Uber and Tesla claim to be building critical, infrastructural stepping stones toward distributed mobility. And this might be right in terms of technology—ride-optimization algorithms and batteries/charging stations, respectively. But when it comes to behaviour, both just reinforce the sort of individualistic protection of private space and commodity fetishism that characterized the rise of the car. Car2go was a bigger step toward distributed mobility because it was based on behavioural rather than technological change. Uber and Tesla perpetually let us off the hook for our part in distributed mobility until their full solution is realized. Car2go died because it asked of us something more than anticipation.

Meanwhile, the Casper IPO is the latest to provide grift for the VC-skeptical schadenfreude mill, showing as it does a simple mattress business hiding under high-thread-count sheets that allow it to look like an innovator. Its only true differentiator from all the other awful mattress companies that predated it (other than fuelling the related podcast advertising bubble) seems to be replacing “buy low, sell stupidly high” with “buy low, sell even lower, figure it out later”. We’re not sure if this is a trigger for burst of the mattress box bubble (and sorry, podcasts, if it is!), but we’re still waiting on somebody to write the definitive account of why everything about that particular industry continues to be awful.

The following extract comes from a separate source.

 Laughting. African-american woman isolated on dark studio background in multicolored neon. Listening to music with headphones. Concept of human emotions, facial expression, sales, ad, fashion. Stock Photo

Almonds are the worst. No, wait, crop monocultures are the worst. Particularly for the bees.

Though we couldn’t imagine anything worse (other than all the really terrible things we’ve already covered this week, of course) than having to visit CES, the annual @internetofshit tweet threads of the weirdest of it always make us just a little bit happy and confused. Alexa, flush toilet.

We’re excited to read Fred Goodman’s new biography of the late, great, tragically underappreciated Lhasa de Sela, whose albums we return to kind of a lot. LitHub have an excerpt up.

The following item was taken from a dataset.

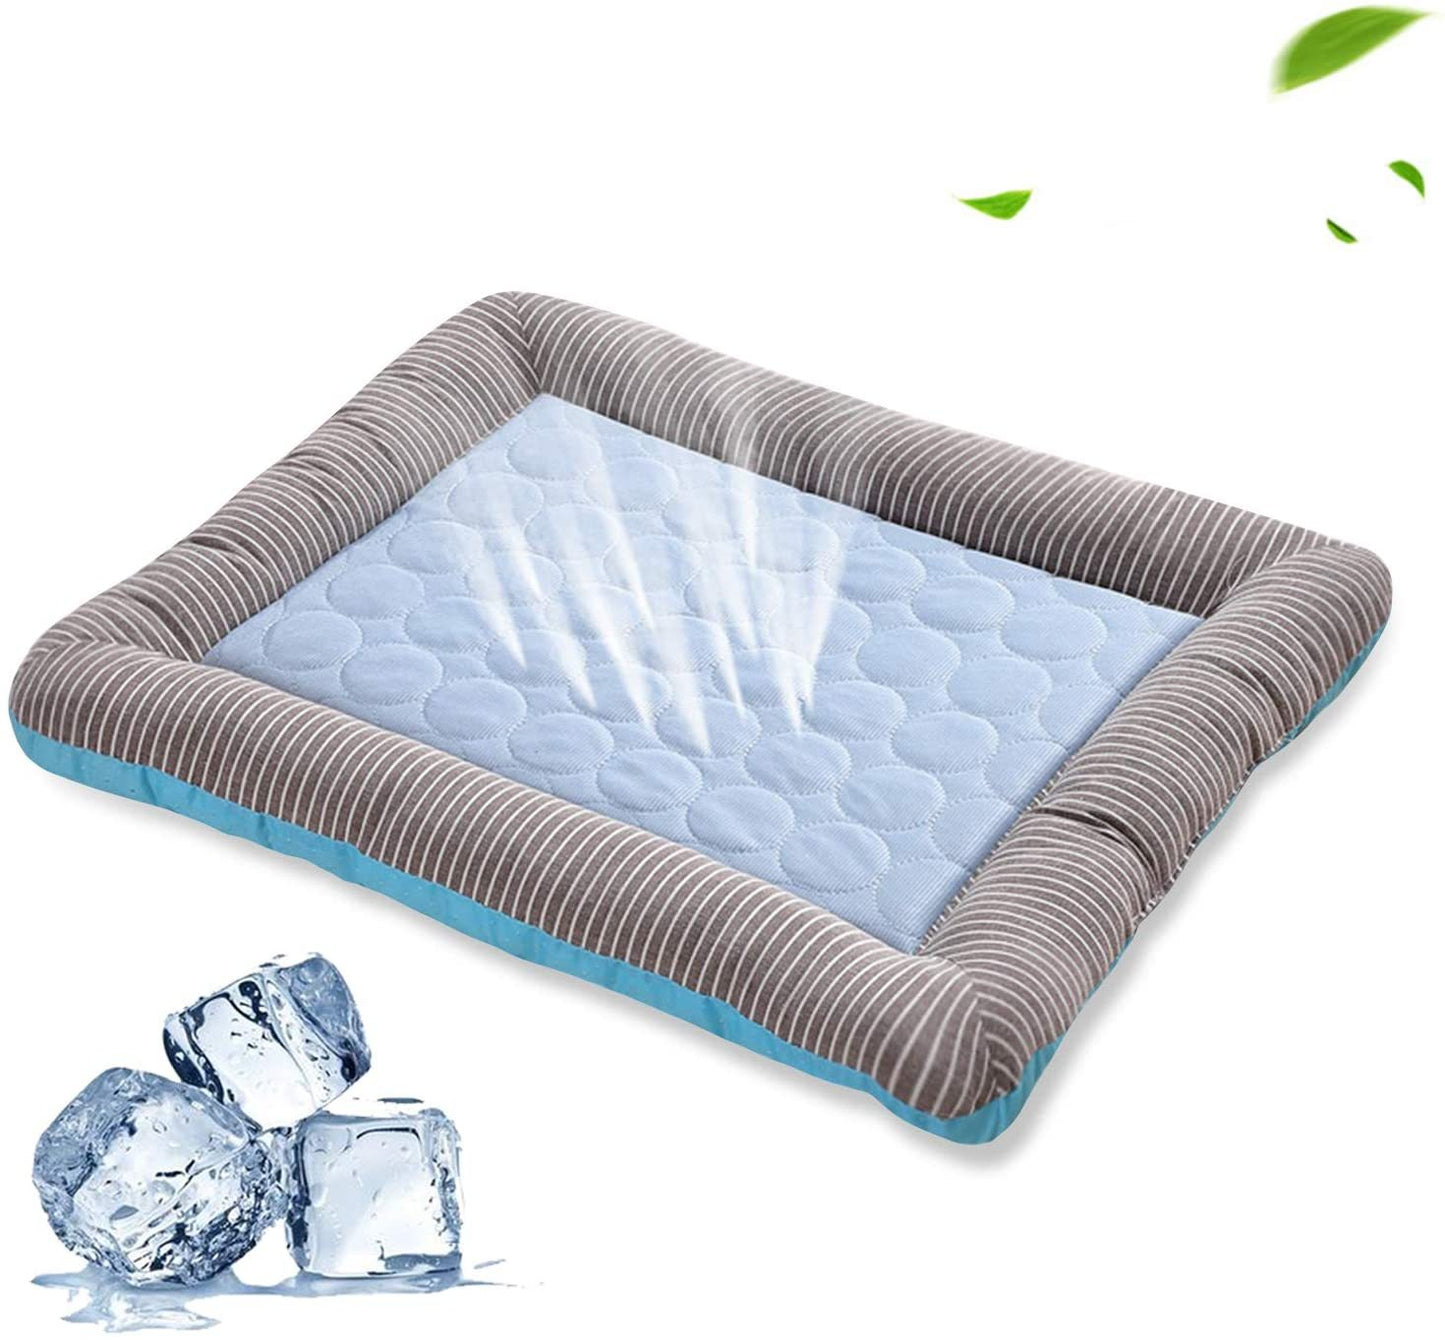 Pet Cooling Pad Bed For Dogs Cats Puppy Kitten Cool Mat Pet Blanket Ice Silk Material Soft For Summer Sleeping  Blue Breathable Pet bed

Also pouring many out this week for John Baldessari, the guy that put dots over people’s faces. Here are the remembrances from peers and such, but look, what could we possibly link to other than the Tom Waits-narrated “A Brief History of John Baldessari”?

“Please understand: I live specifically, with intent. The intent is, I know now, not at all specific, except that I have no ability to compromise.” Ah shit, what to say about Elizabeth Wurtzel? Jia Tolentino has all the worthwhile remembrances, of course, and of course they were friends. We’ve been thinking a lot on what’s changed between Prozac Nation and now, what she faced and provoked with that book, and a life lived since, that opened up doors for others. Go back and read some of the reviews if you want a sense of how depression even existed in the discourse at the time. She led the way for so much. But look, just, if you haven’t read it, spend time deep in her 2013 New York essay on her “one-night stand of a life”. It’s an all-timer.

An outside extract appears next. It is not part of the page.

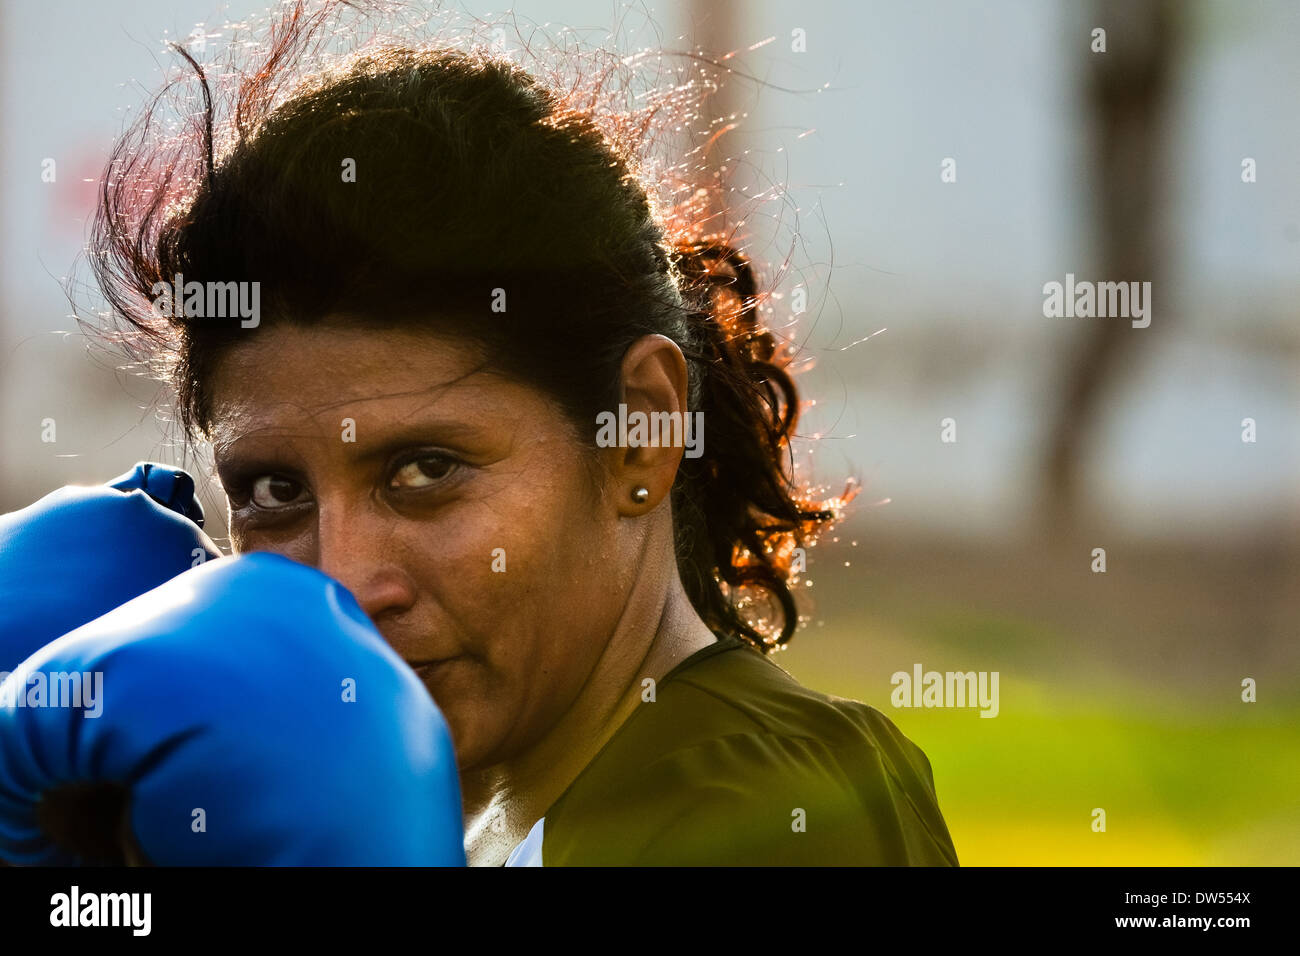 A Peruvian woman practices defense while training in the outdoor boxing school in Callao, Peru. Stock Photo

Look, we don’t do much promotion, we’re terrible with even tweeting about this email ourselves. We’re not in any of these new big email directory startups, probably just because we haven’t asked, and won’t. But, somehow, we grow just a little good bit every week, which we figure means some of you must be recommending us, right? In your emails that we’re definitely not spying on?

We just wanted to say we appreciate it.